今回は、小学校1年生の生徒さんのお話です。

先日のレッスンでは、小さいお子様がよく弾くウェーバー作曲の「人魚の歌」という曲を練習してきました。新しい曲なので、まずは1回通して弾いてもらいました。

「人魚の歌」は、8分の6拍子の曲です。

小さいお子様の場合、4分の4拍子や4分の3拍子のように、4分音符を1拍と数える曲はたくさん弾いていても、8分音符を1拍と数える曲はまだ殆ど弾くことはありません。その練習をする課題としても、この曲はよく使われます。

小さいお子様にとっては「1拍伸ばすのは4分音符」と覚えていますので、いきなり「この曲では1拍伸ばすのは8分音符です」と言われても、なかなか納得できないものです。

「1拍伸ばすのは4分音符で、半拍伸ばすのは8分音符。でも、この曲では半拍伸ばす8分音符が1拍伸ばす音符になるから・・・
と言うことは、4分音符は? 付点4分音符は??」

と頭の中が混乱してしまう生徒さんもいます。

でも、この生徒さんは拍子を正しく捉えてすらすらと上手に弾いていました。

1回でなんなく弾いていましたので、その先の新たなテーマをレッスンすることにしました。というのも、とてもすらすらと弾いているのですが、曲の始めから終わりまでずっと同じ強さで、抑揚のない一本調子な演奏だったからです。

「○○ちゃん、ピアノだけでなく音楽には、この曲のように半ページの曲もあれば、この楽譜1冊と同じくらいの長さで1曲というくらい長い曲もあるのね。

でも、どんな曲にも、必ず「ここが一番大切!」というところがあるのね。

そういうのを「曲の山」とか「サビ」とか「曲の中心」と言うんだけどね。

ではここでクイズね。この曲の山はどこかしら?」

これまで、うんうんと頷いて聞いていましたが、ちょっと困った顔をしていました。

「曲の山をどうやって見つけるか?というとね、頭の中でこの曲を歌うでしょ。

そうするとね、一番気持ちがわあ~と盛り上がるところよ」

「うーーん・・ここ?」

「○○ちゃん、本当の山に登ったことある?

山に登っているとね、「次の一歩から山の頂上ですよ。」とはならないじゃない?

ずっと登っていて、ふと気がつくと山の頂上が見えて「あっ、山の頂上にすごく近いんだ」ってなるのよね。
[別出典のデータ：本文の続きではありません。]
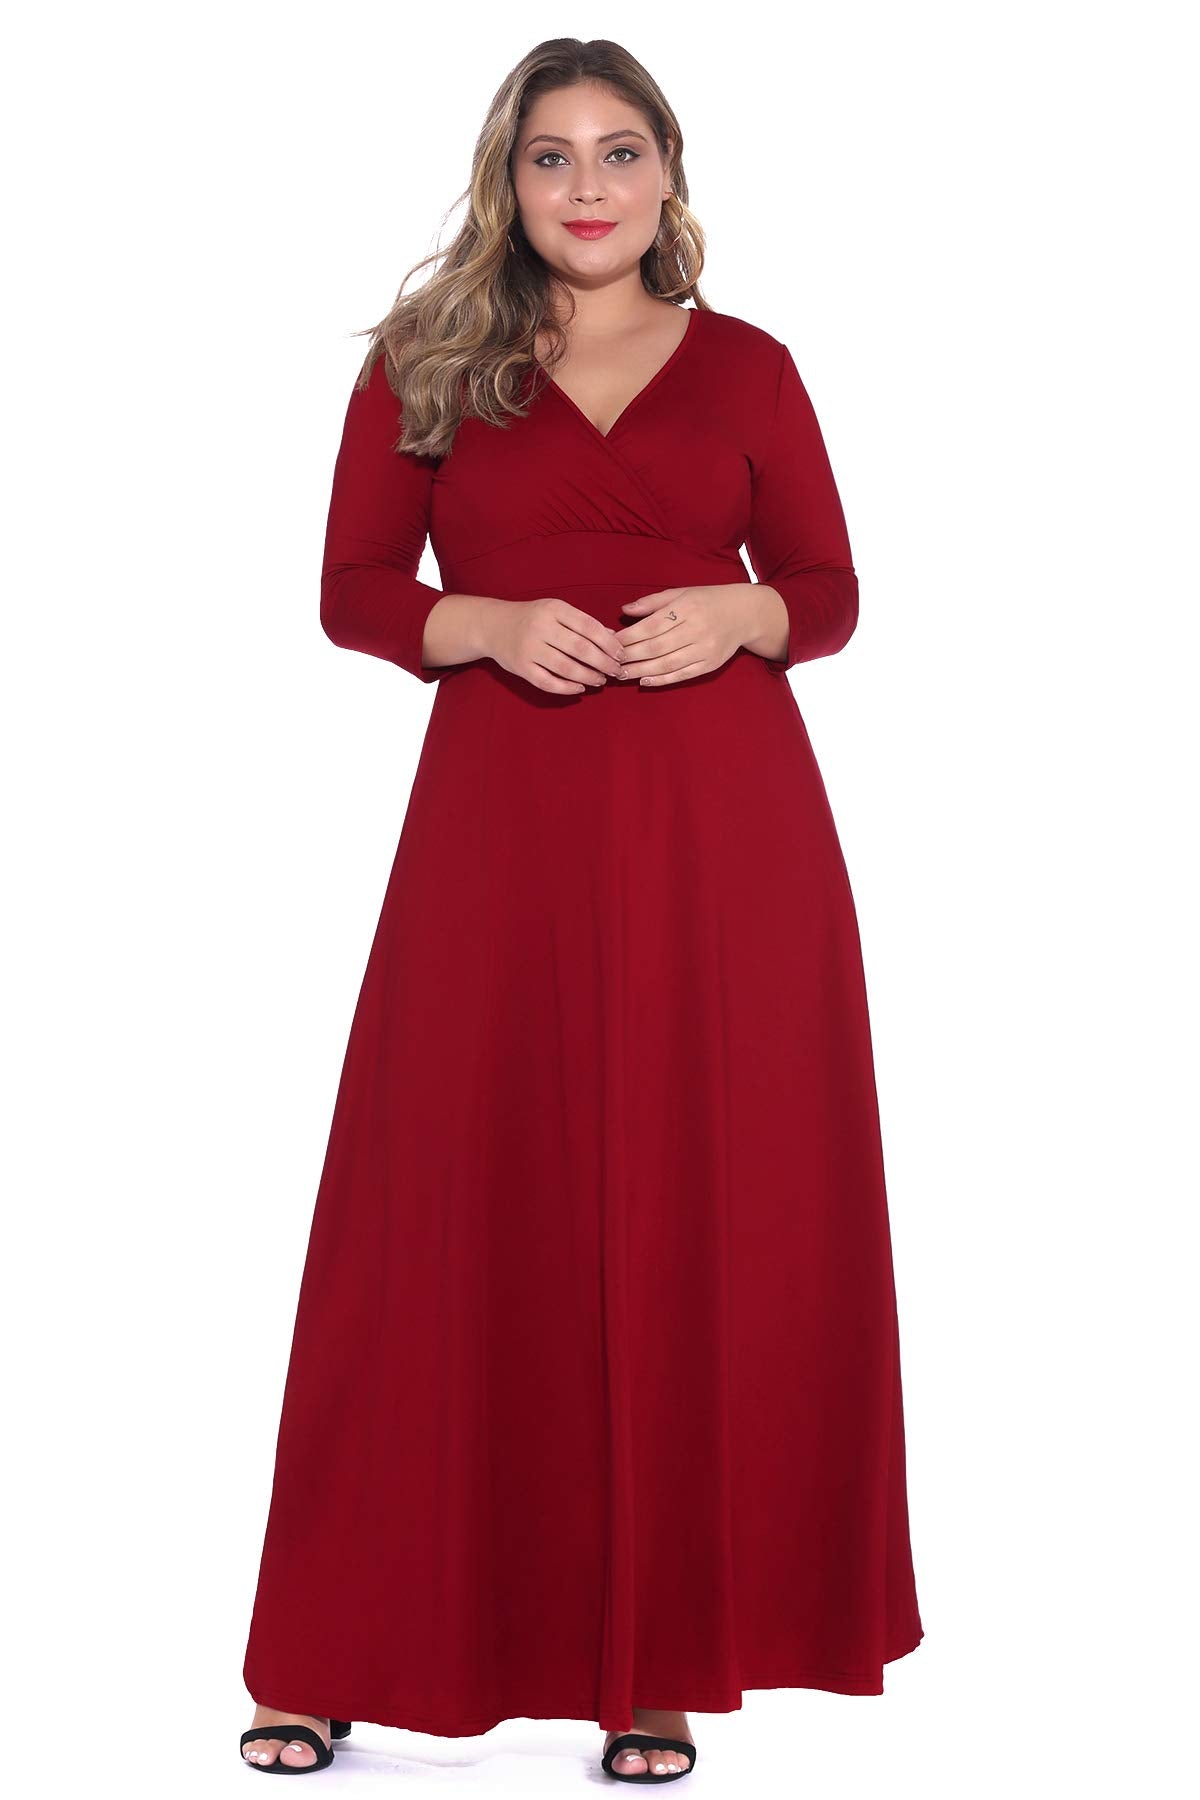 Women's Solid Autumn Warm Gowns Maxi Dress

それと一緒だから、「この辺が曲の山」という答え方でいいのよ」

そうしますと、見事に曲の山を答えられました。

「じゃあ、今、答えた通りに弾いてみて。聴いている人に分かるように弾いてね」

この生徒さんは、曲の山を意識して弾いただけで、自然に抑揚がつき、ロマンティックな演奏にガラッと変わりました。

弾いている姿勢や雰囲気もまるで別人の様です。

後ろで聴いているお母様も笑みを浮かべながら、楽しそうに聴いていました。

「○○ちゃん、すっごくステキだったわよ。同じ人が弾いていたとは思えないくらい良かったわ。」

お母様の前で褒められて、とても嬉しそうに得意げな笑顔をしていました。

ピアノを弾く時には、フォルテやピアノなど強弱記号をつけて弾きますが、「フォルテと書いてあるから強く」「ピアノと書かれているから弱く」だけでは、本当の曲想をつけた演奏にはならないと思います。

「強く」といっても、エネルギッシュな強さ、怒りに満ちた悪の強さ、怒りに悲しみの混ざった強さなど、色々な強さがあるからです。

また、強弱記号は限られた数しかありませんから、曲の中で何回も同じ記号が登場することになります。

それがすべて同じ強さになってしまいますと、抑揚はついても曲の大切な部分がわからなくなり、まとまりのない演奏になってしまいます。

曲の山を考えることで、今のご自身の演奏がまた少し変わるかもしれません。参考にしてみてくださいね。